Jürgen Schmidhuber 如何把記憶、壓縮與好奇心接到 LLM?從 LSTM、生成式 AI 到可控代理
Jürgen Schmidhuber 的研究常被放進「現代 AI 的早期奠基」敘事,但若只用一個稱號概括,反而會看不見他的工作如何連到今日的 LLM。從長短期記憶、遞迴神經網路、壓縮進步、好奇心與元學習,到生成模型與注意力,他反覆追問同一件事:一個學習系統如何從有限的觀測中找出可重用的結構,並把新的經驗轉成下一次更有效的預測與行動。
KAUST 的官方人物頁將 Schmidhuber 列為電腦科學教授、生成式 AI 卓越中心共同主席與研究團隊主持人,並把他的早期生成式 AI、線性 Transformer、自監督預訓練與知識蒸餾工作放在同一條研究脈絡中:KAUST Jürgen Schmidhuber 官方人物頁。本文會把這些主張拆成可檢查的技術概念,再說明它們為何仍影響 LLM 的記憶、推理與部署。

長短期記憶:讓序列模型不只看眼前
長短期記憶(LSTM)最重要的貢獻,不只是多了一種循環單元,而是把「什麼資訊應該保留、什麼資訊可以忘掉、什麼資訊應該輸出」變成可學習的控制問題。一般遞迴網路在序列很長時容易遇到梯度消失或爆炸,模型即使看過早期線索,也很難在數十步、數百步之後把它取回。LSTM 透過記憶狀態與閘門,讓資訊可以在較長時間尺度上流動。
這個想法與今天的上下文視窗有明顯相似處,但不能把兩者混為一談。Transformer 以注意力直接比較 token 關係,LSTM 則以狀態更新逐步處理序列;前者擅長平行化與全局關聯,後者提供一種可持續更新的工作記憶。理解這個差異,有助於設計混合系統:讓 LLM 讀取長文件時使用檢索與注意力,讓代理在多步工具任務中使用明確、可重置的狀態,而不是把所有內容都塞進一個無限延長的提示。
Schmidhuber 團隊對 LSTM 的系統化整理,分析不同閘門、輸入與輸出連接如何影響學習能力與計算成本;這份研究常被用來回顧 LSTM 的設計空間:LSTM: A Search Space Odyssey。
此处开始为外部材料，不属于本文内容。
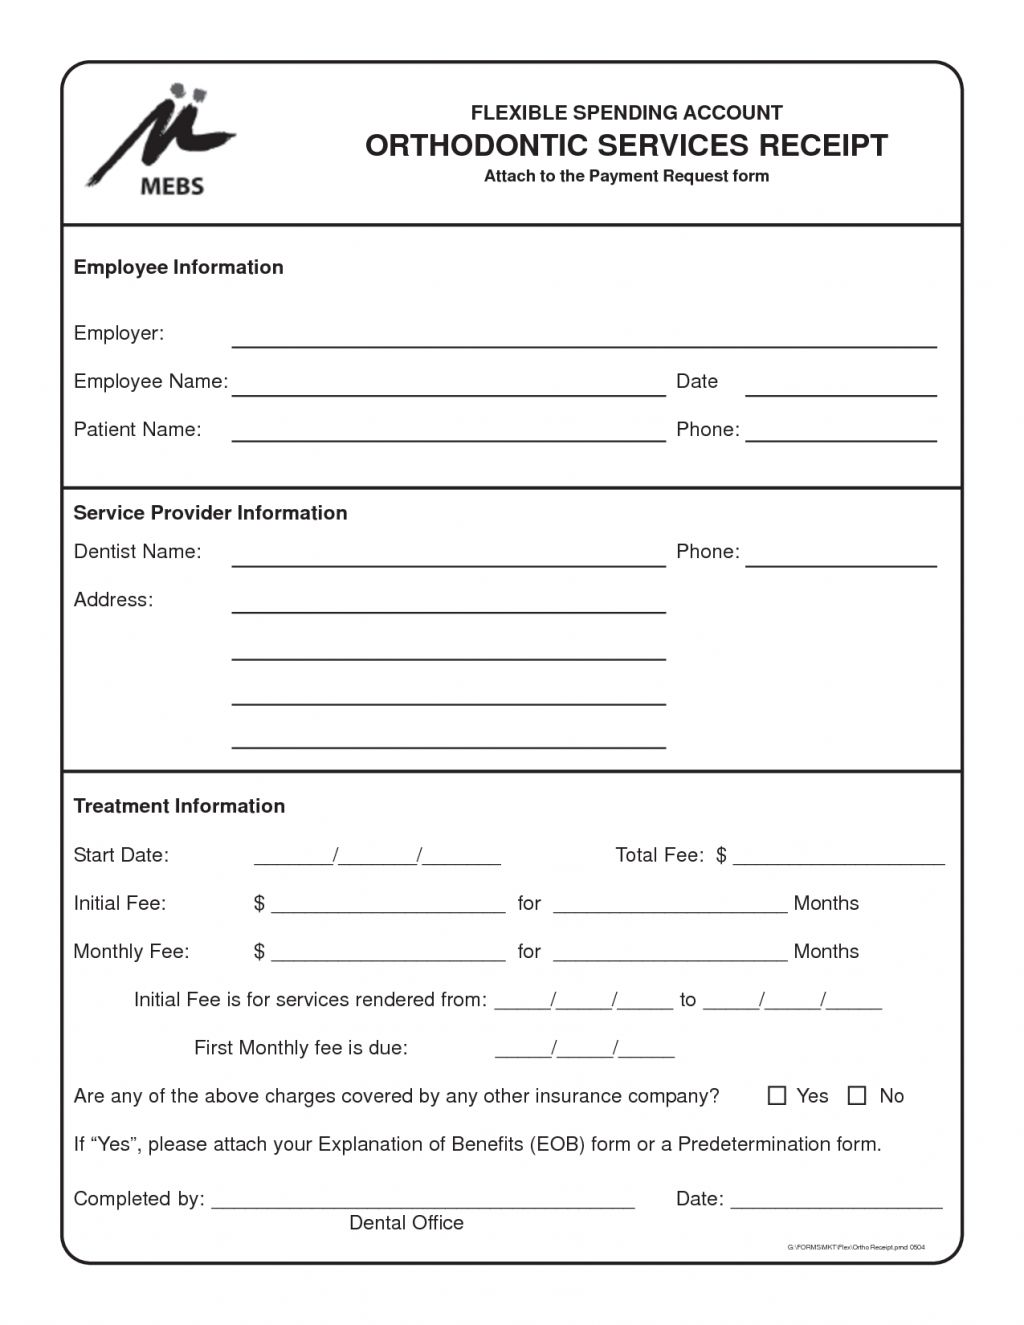 dental invoice spreadsheet templates for busines dental

對 LLM 工程而言,真正可取的不是照抄某個單元,而是把記憶的讀、寫、遺忘規則明確化,讓它們可以測試、觀察與回滾。
壓縮進步:從預測走向可解釋的學習訊號
Schmidhuber 提出的壓縮進步觀點,將「有趣」理解成學習者在一段時間內找到更短描述的速度。若觀測到的新資料讓模型能用更簡潔的規則解釋,學習就有進展;若資料完全隨機或已經被預測得毫無新意,額外探索的價值就低。這不是把所有資料都壓成更短文字,而是把可重用的規律與暫時噪音區分開來。
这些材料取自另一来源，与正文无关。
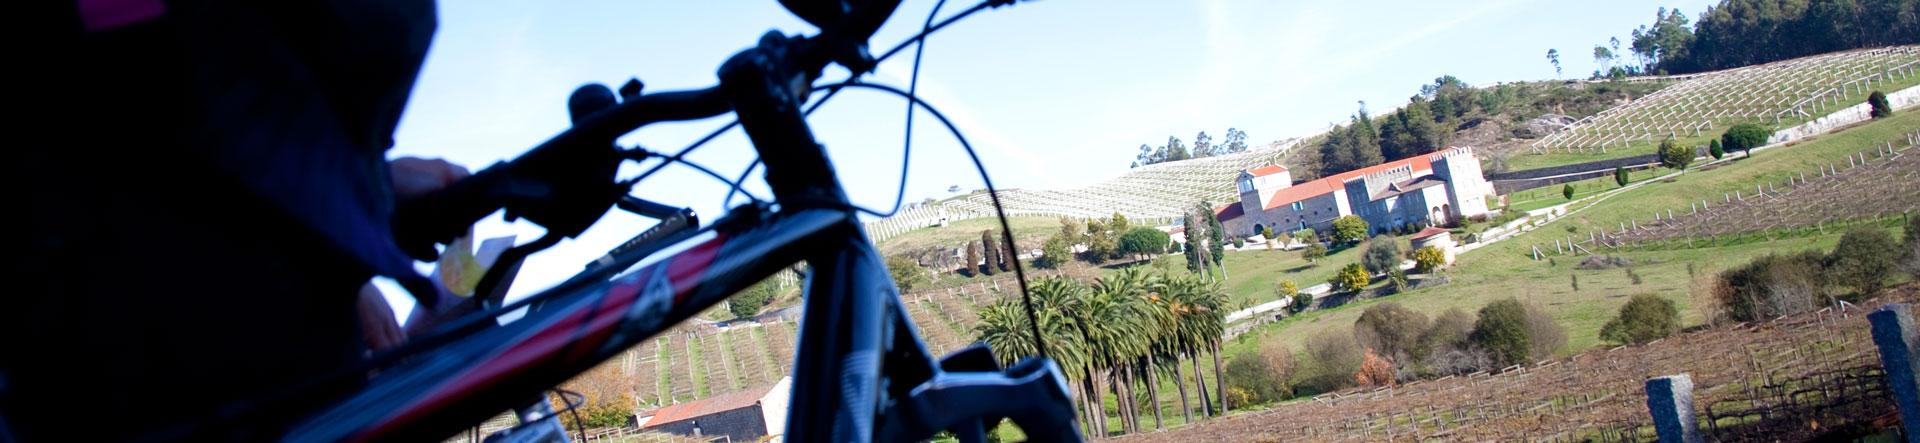 Bici viñedos

這個觀點對 LLM 的資料選擇與上下文摘要很有啟發。訓練資料不能只按長度或熱門程度排序,也要觀察它是否帶來新概念、反例、跨領域連結或對既有錯誤的修正。上下文摘要也不應只追求 token 數下降;若摘要刪掉了限制條件、來源或不確定性,表面上更短,實際上卻降低了可驗證性。比較好的做法是同時保存摘要、原文位置與壓縮前後的任務測試結果。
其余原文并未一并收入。